Below are some records. Retype exactly the lines from the one containing "sandnes garn alpakka" through the one containing "Sklandant įvairiems gandams", both included, skipping every picture.

DATA EXCERPTS:

- Opening Delimiter -

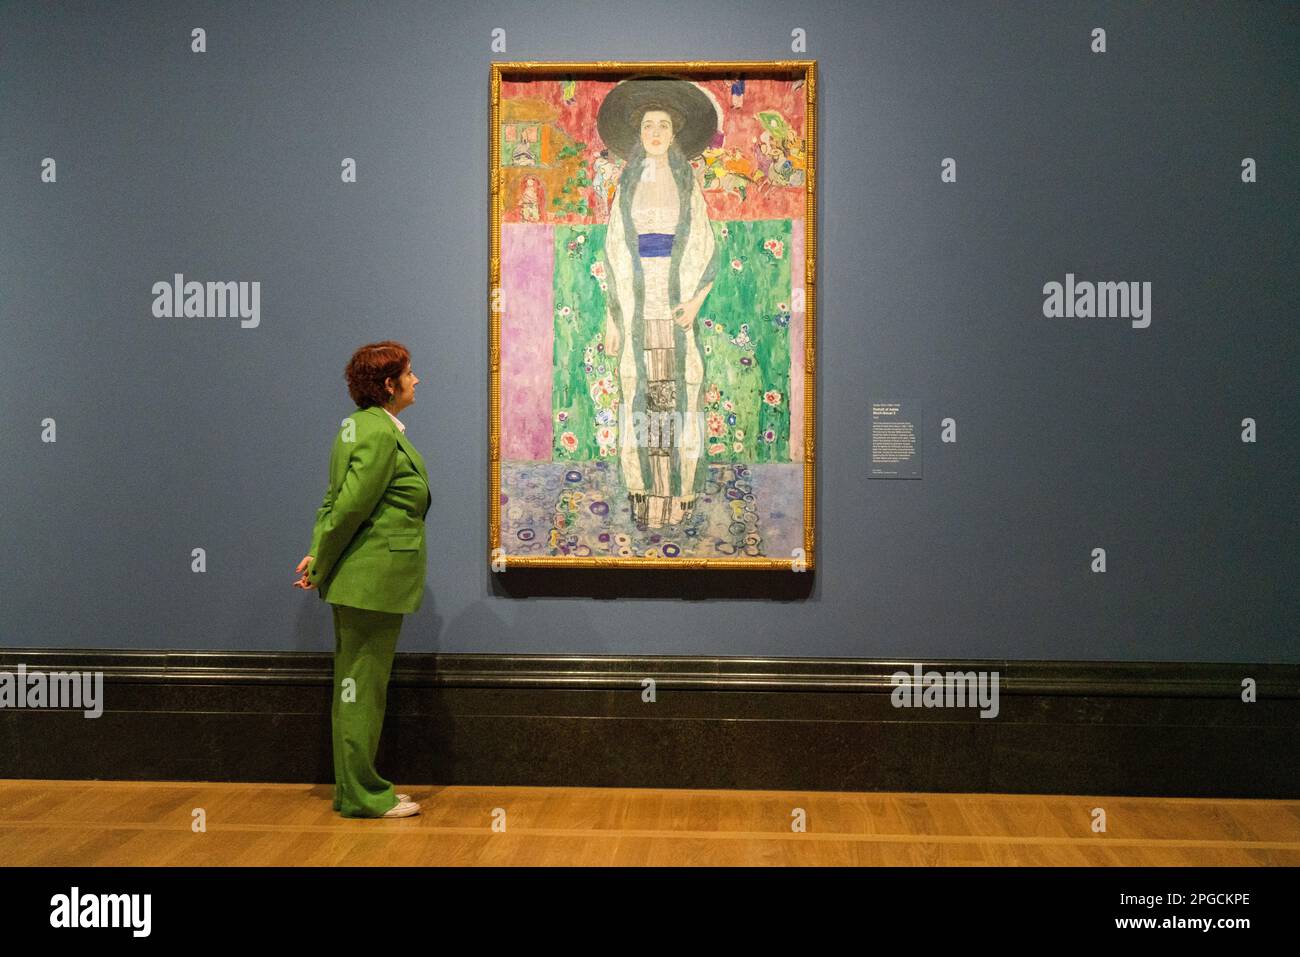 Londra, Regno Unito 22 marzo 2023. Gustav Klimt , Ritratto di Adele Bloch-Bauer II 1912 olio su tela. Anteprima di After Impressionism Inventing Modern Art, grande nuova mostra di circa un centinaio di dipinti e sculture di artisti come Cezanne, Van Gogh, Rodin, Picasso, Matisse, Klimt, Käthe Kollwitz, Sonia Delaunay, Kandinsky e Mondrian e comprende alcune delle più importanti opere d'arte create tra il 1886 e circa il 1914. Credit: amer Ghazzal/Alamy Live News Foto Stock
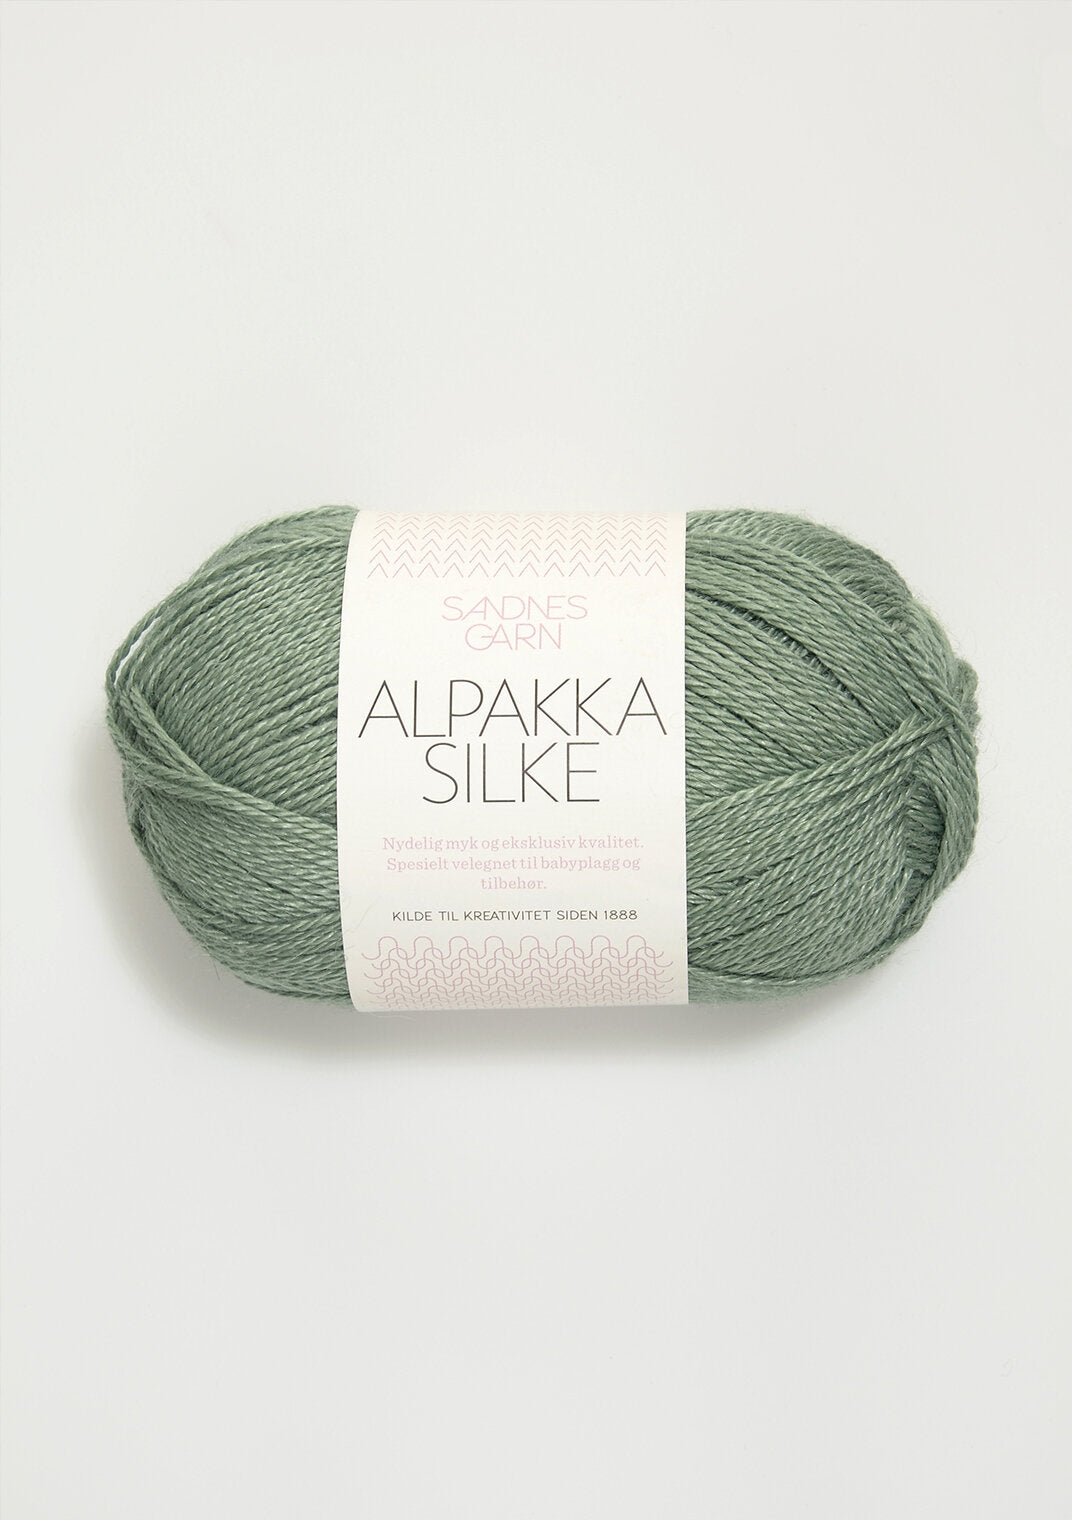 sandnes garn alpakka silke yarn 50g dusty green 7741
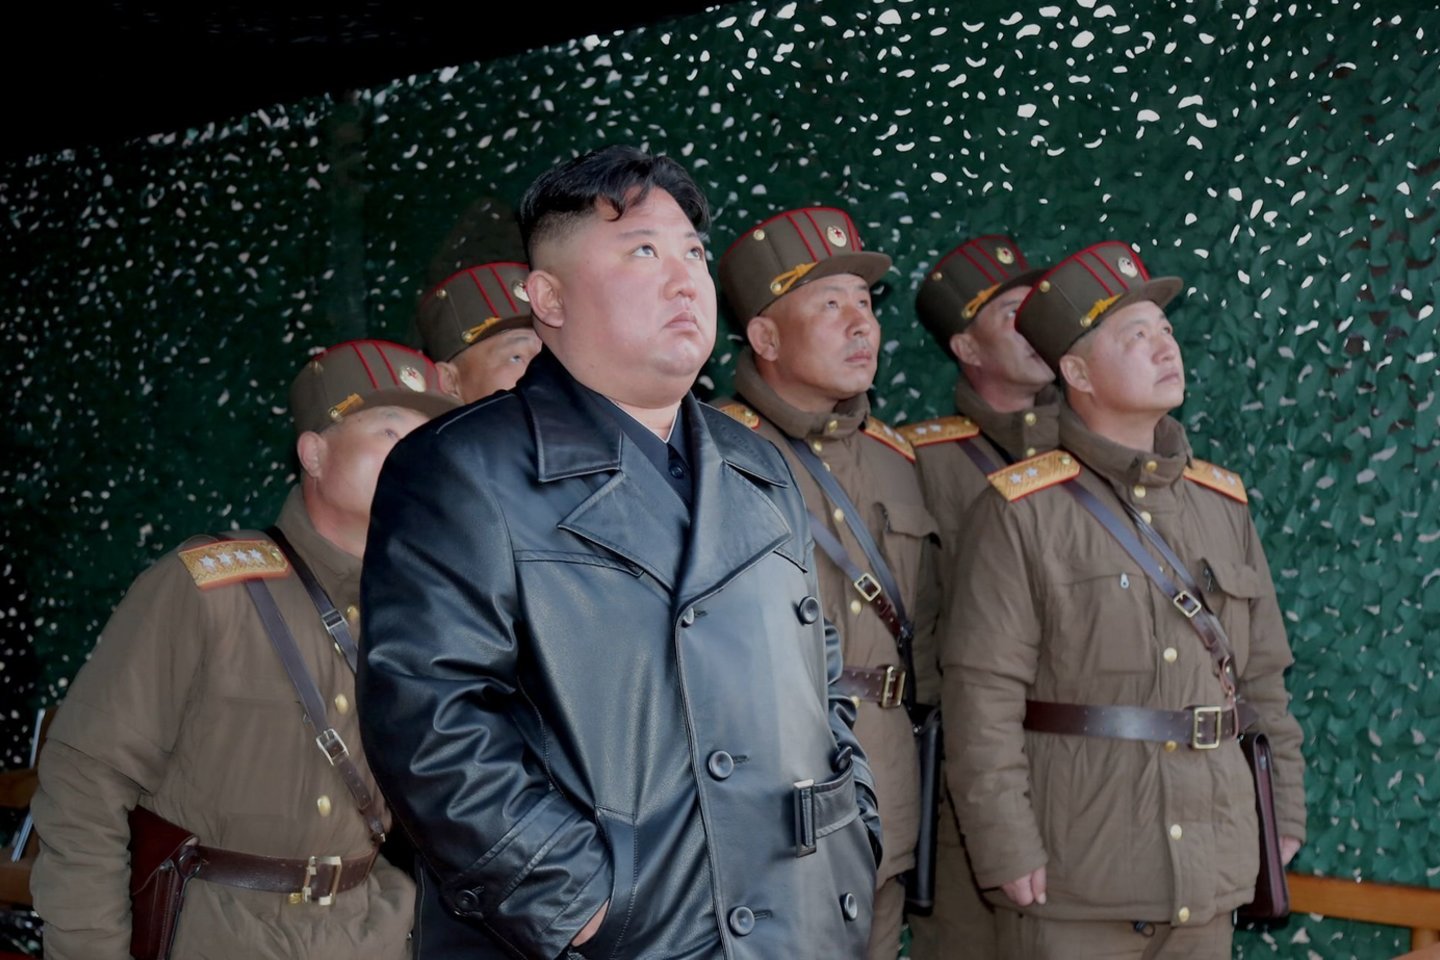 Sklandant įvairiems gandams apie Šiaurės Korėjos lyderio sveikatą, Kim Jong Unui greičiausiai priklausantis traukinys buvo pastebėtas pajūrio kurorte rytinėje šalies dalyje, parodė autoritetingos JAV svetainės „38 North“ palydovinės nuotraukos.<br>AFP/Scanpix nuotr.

- Closing Delimiter -
- Opening Delimiter -

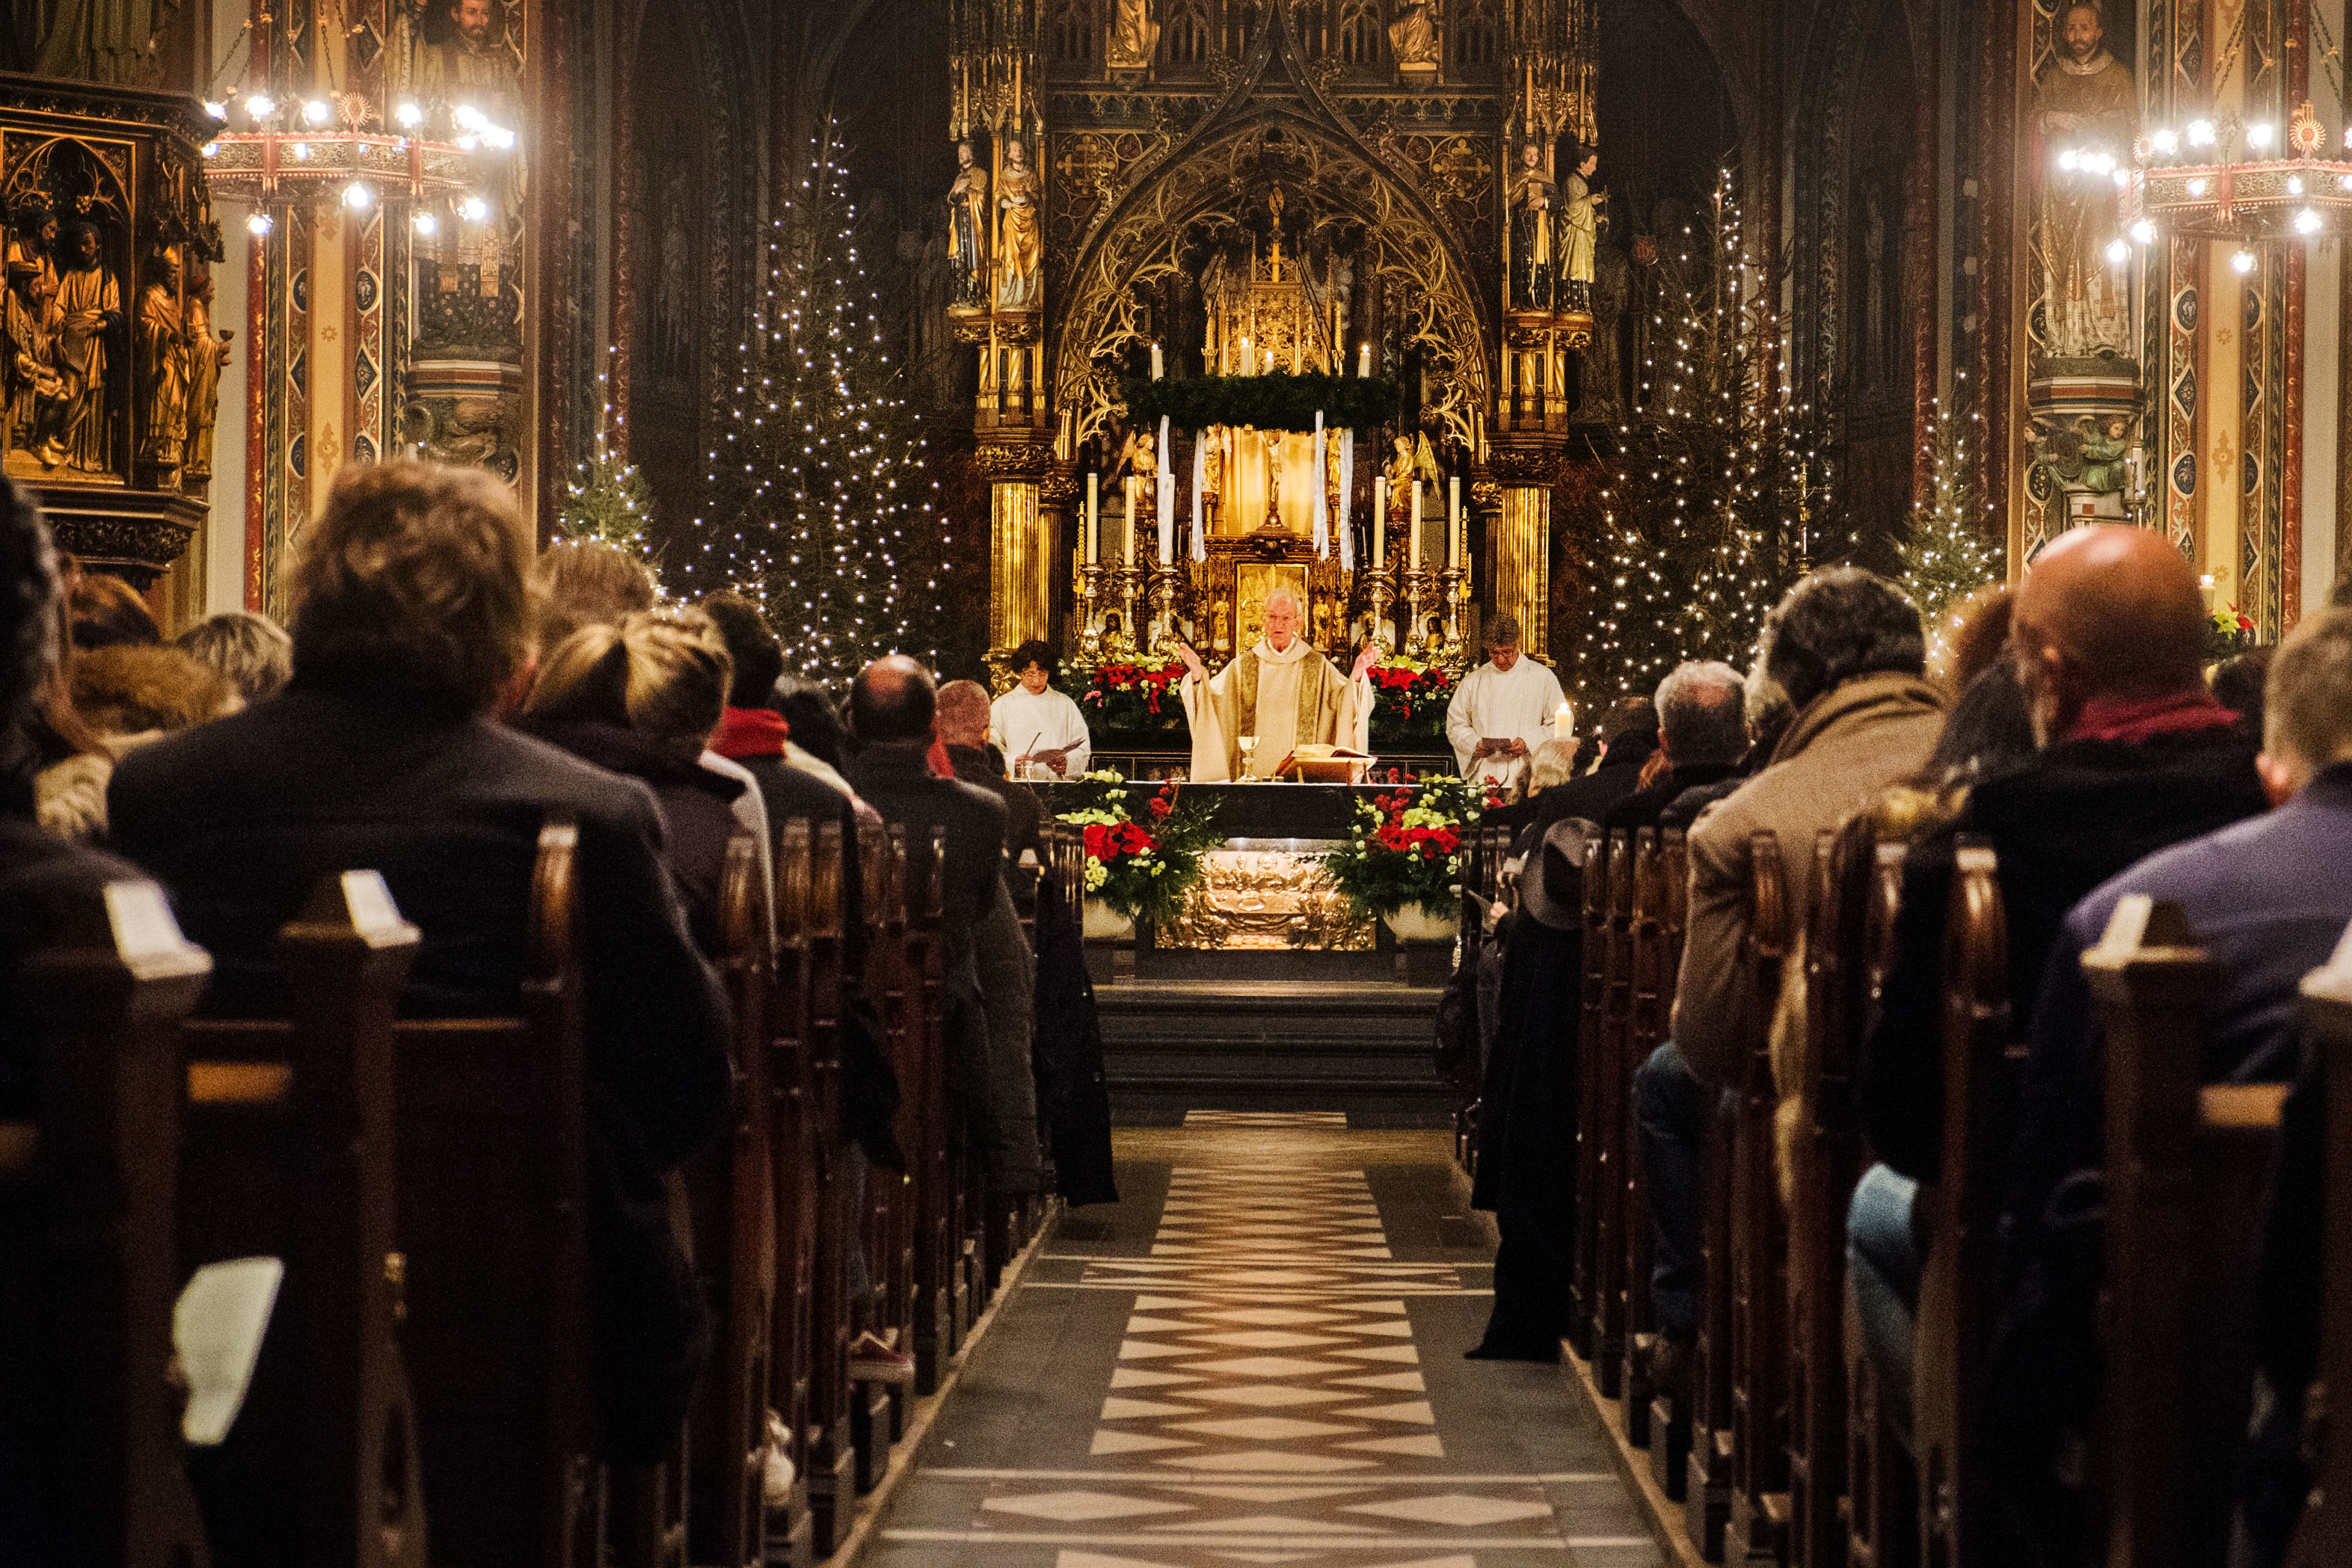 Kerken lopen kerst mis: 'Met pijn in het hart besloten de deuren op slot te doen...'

- Closing Delimiter -

EXERCISE RESPONSE:
 sandnes garn alpakka silke yarn 50g dusty green 7741
 Sklandant įvairiems gandams apie Šiaurės Korėjos lyderio sveikatą, Kim Jong Unui greičiausiai priklausantis traukinys buvo pastebėtas pajūrio kurorte rytinėje šalies dalyje, parodė autoritetingos JAV svetainės „38 North“ palydovinės nuotraukos.<br>AFP/Scanpix nuotr.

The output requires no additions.